[Data entries]
Content starts

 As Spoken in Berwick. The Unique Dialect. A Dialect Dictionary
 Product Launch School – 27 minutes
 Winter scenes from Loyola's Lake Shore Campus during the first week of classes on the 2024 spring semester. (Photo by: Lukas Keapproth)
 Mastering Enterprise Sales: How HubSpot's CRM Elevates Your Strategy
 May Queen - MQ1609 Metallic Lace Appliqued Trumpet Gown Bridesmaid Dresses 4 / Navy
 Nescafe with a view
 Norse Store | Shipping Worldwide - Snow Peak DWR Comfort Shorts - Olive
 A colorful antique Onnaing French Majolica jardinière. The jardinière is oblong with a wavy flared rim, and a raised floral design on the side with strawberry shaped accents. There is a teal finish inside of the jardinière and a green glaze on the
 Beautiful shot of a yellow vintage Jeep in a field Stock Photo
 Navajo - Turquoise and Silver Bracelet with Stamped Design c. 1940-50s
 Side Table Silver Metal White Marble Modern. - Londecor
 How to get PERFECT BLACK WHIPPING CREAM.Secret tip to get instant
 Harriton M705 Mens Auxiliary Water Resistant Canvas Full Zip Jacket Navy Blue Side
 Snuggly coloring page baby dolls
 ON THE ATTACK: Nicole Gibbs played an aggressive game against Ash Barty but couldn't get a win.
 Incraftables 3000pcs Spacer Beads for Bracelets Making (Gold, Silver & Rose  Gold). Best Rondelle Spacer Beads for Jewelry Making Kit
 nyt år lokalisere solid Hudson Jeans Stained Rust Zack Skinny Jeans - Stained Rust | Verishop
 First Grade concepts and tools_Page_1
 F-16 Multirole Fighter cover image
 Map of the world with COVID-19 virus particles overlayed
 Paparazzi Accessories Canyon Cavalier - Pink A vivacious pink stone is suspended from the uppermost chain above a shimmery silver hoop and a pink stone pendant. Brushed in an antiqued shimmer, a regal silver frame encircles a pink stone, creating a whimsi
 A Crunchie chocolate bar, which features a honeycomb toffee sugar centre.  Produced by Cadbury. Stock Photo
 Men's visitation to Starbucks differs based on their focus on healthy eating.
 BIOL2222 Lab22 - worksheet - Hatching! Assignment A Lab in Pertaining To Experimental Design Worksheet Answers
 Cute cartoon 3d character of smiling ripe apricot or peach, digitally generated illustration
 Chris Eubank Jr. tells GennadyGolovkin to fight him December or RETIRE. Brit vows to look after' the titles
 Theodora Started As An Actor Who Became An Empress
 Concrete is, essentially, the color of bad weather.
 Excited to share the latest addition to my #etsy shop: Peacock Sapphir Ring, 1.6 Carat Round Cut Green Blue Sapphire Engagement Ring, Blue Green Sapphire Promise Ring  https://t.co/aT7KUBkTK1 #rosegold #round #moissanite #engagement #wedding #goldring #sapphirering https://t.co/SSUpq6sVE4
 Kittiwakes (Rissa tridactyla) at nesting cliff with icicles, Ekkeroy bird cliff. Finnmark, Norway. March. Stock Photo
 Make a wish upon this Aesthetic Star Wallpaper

Content ends

Your answer should consist of the lines from the line with "How to get PERFECT" to the line with "Incraftables 3000pcs Spacer" above, repeated exactly, both ends included.

 How to get PERFECT BLACK WHIPPING CREAM.Secret tip to get instant
 Harriton M705 Mens Auxiliary Water Resistant Canvas Full Zip Jacket Navy Blue Side
 Snuggly coloring page baby dolls
 ON THE ATTACK: Nicole Gibbs played an aggressive game against Ash Barty but couldn't get a win.
 Incraftables 3000pcs Spacer Beads for Bracelets Making (Gold, Silver & Rose  Gold). Best Rondelle Spacer Beads for Jewelry Making Kit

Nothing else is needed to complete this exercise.